Do you have any really notable artistic visual influences?
I’ve always loved R. Crumb’s drawings, and I’ve just tried to copy him in so many ways. But of course, you know, just failing spectacularly. I think he’s my, like, big role model. He has that super organic line. I’m always striving to be that accurate, but also cartoony, you know. He has the perfect balance.
Is there a way that you keep your process interesting, after working for so long?

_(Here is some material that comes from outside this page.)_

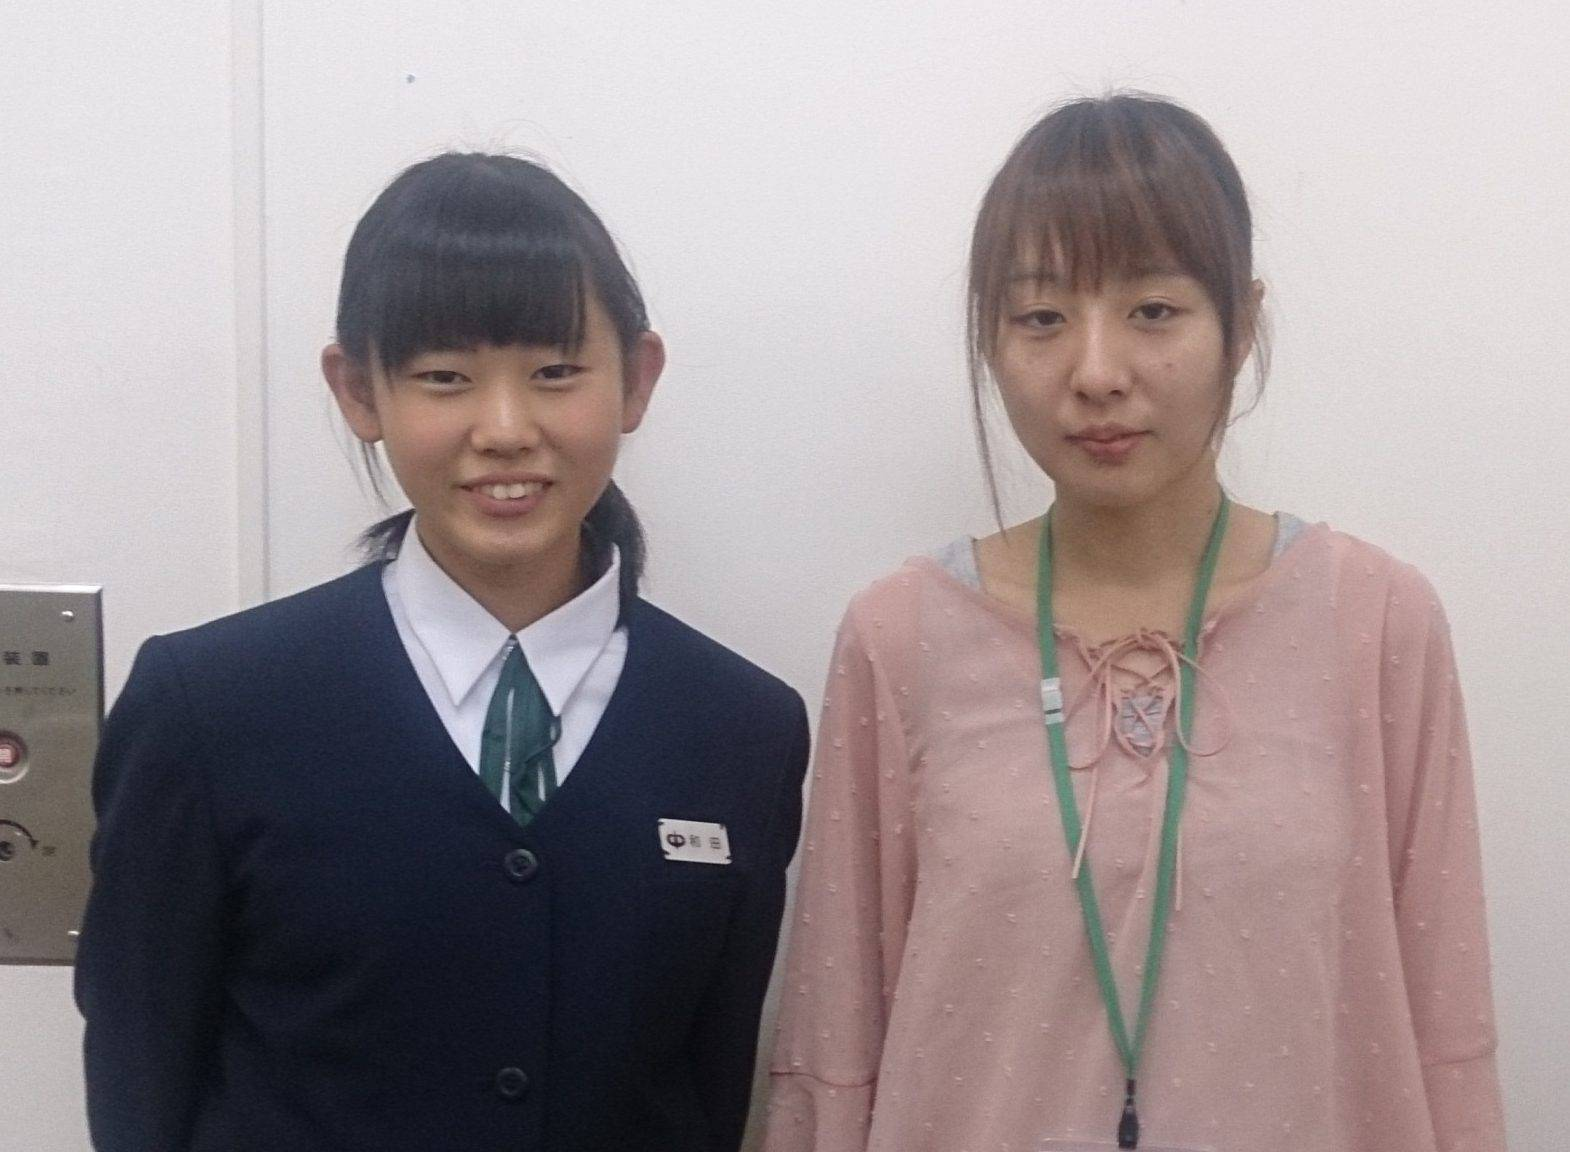 H29冬(成績はH29春) 中学3年 和田星乃さん 牧野先生
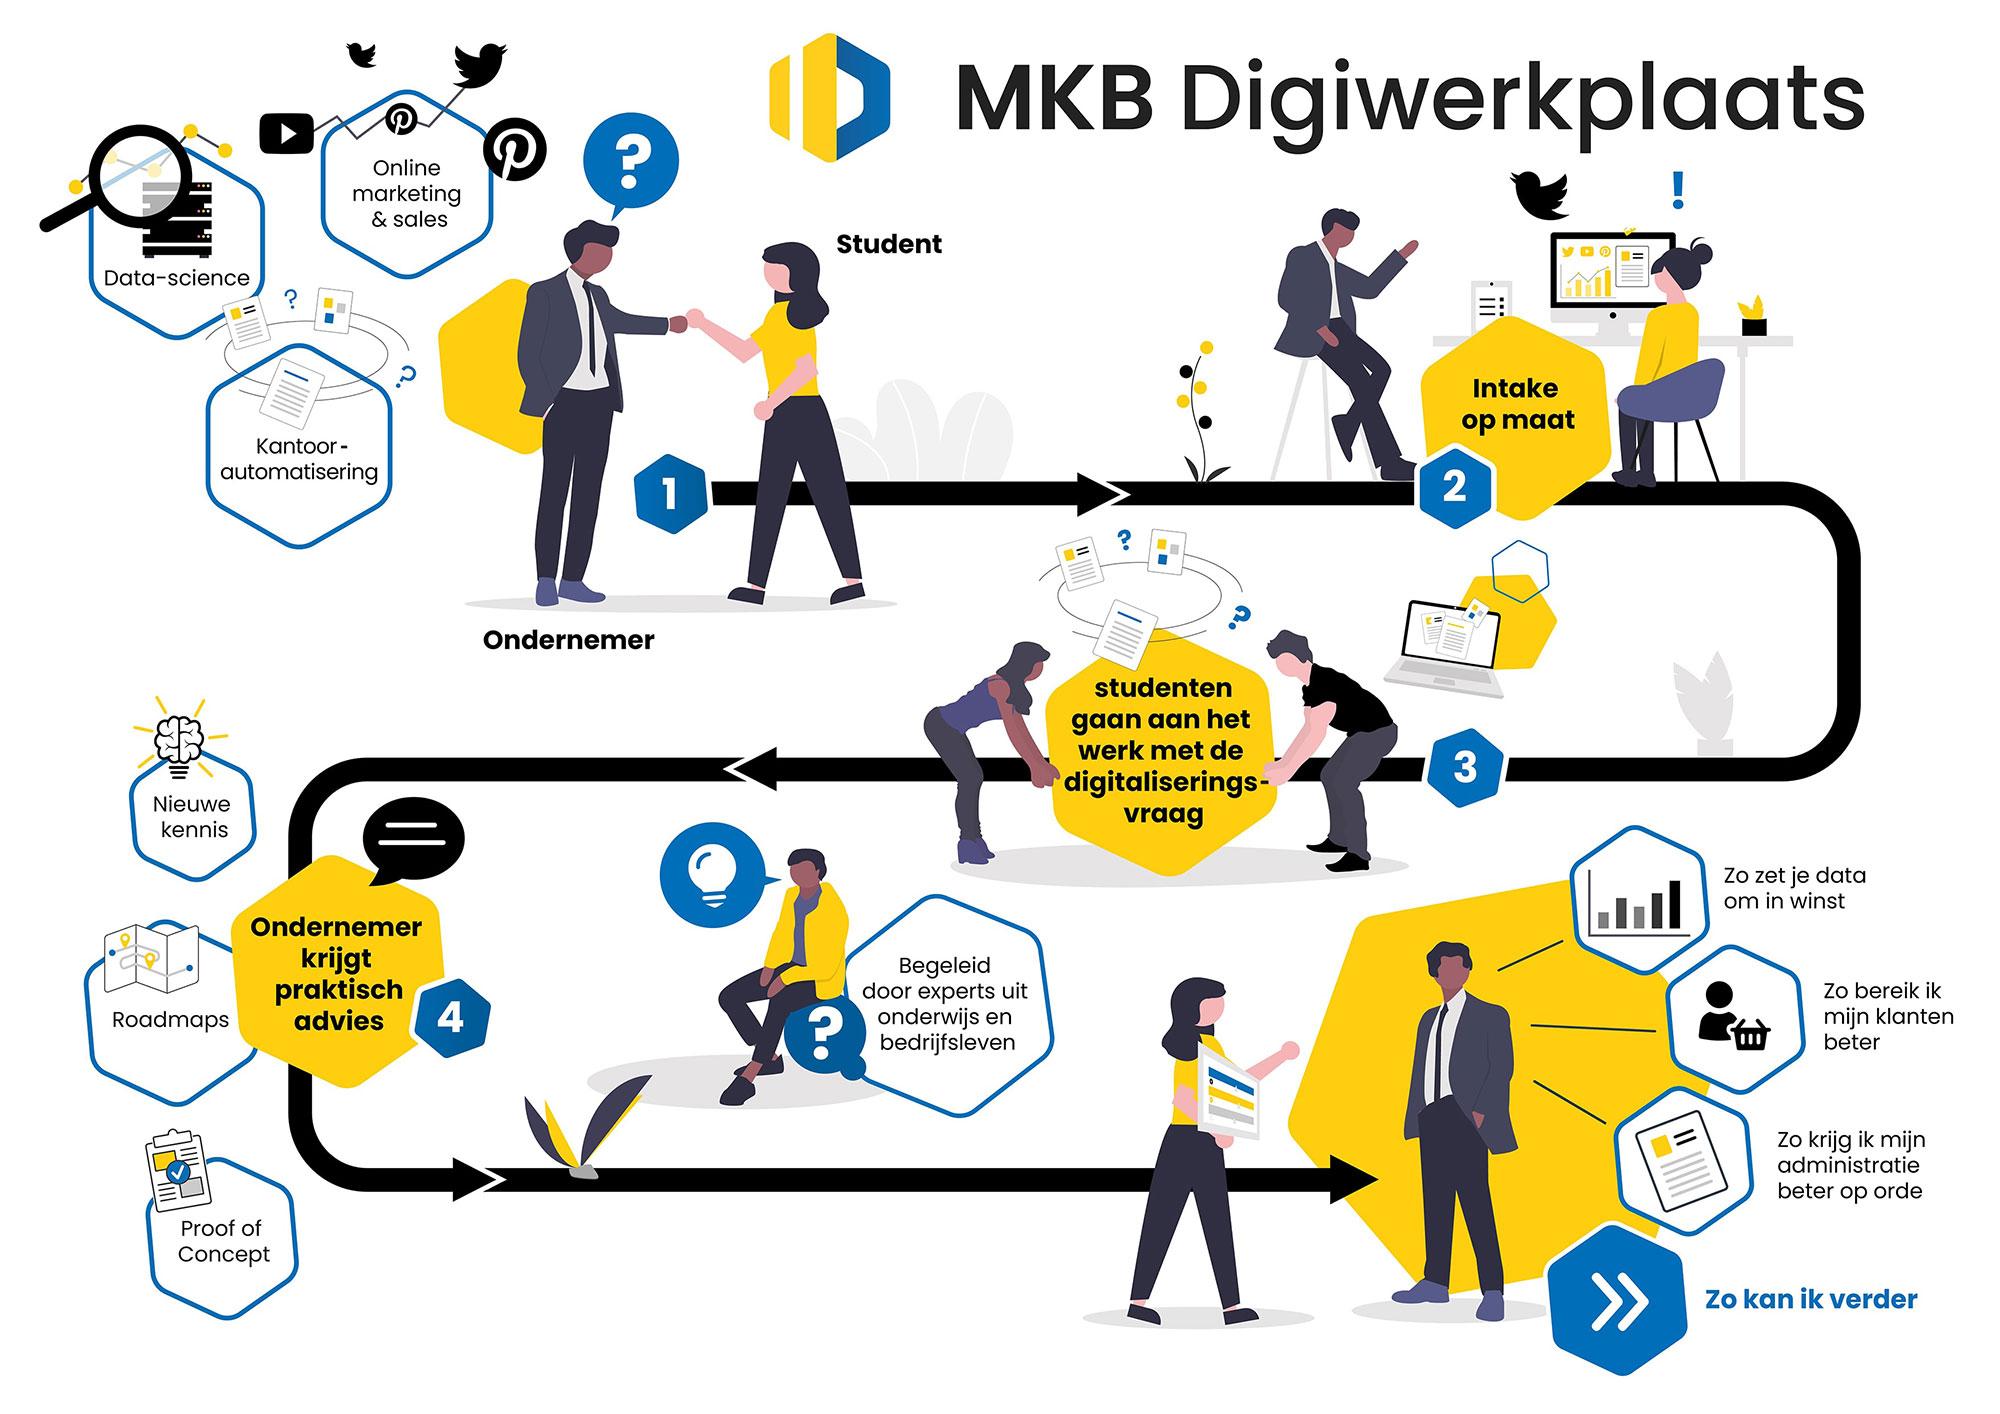 Infographic MKB Digiwerkplaats

I don’t have that problem. It’s not like I’m always doing the same thing over and over. I’m always doing some kind of new project or going in a new direction. I like learning new stuff. I was very excited about all the technological possibilities of going digital
when that happened, and I really went all in. And even now, I compose in InDesign, and I spend a lot of time taking reference photographs and scanning my drawings and just getting lost in the computer stuff. Like, I went a bit too far down that rabbit hole. And now I’m trying to come out. But just trying to learn new stuff keeps it all interesting.
The average person familiar with you and your work would consider you a successful cartoonist. But what does success mean to you? And how may the meaning have changed, the longer you’ve worked in the field?
I guess the main thing success means to me is reaching a point where you get to keep doing this work. And I—even as late as the early 2000s—when Dykes to Watch Out For was supposedly this very successful comic strip, and I was working on Fun Home but hadn’t published it, things had gotten so bad in the publishing landscape that I didn’t know if I was going to be able to keep doing it. I was not making enough money from my comic strip. I’m incredibly fortunate that Fun Home was as successful as it was, or I really would not have been able to keep cartooning. I don’t know what I would have done. I have no other marketable skills. But fortunately, I didn’t have to find out. So that’s one big thing, reaching a point where you’re making enough money from selling your books that you’re pretty sure you get to keep doing it. I mean, it’s a very materialistic definition of success, but how else are you gonna do it unless you’re getting enough money?
Alison, thank you for taking time out of your busy schedule to take part in this interview with INK Magazine!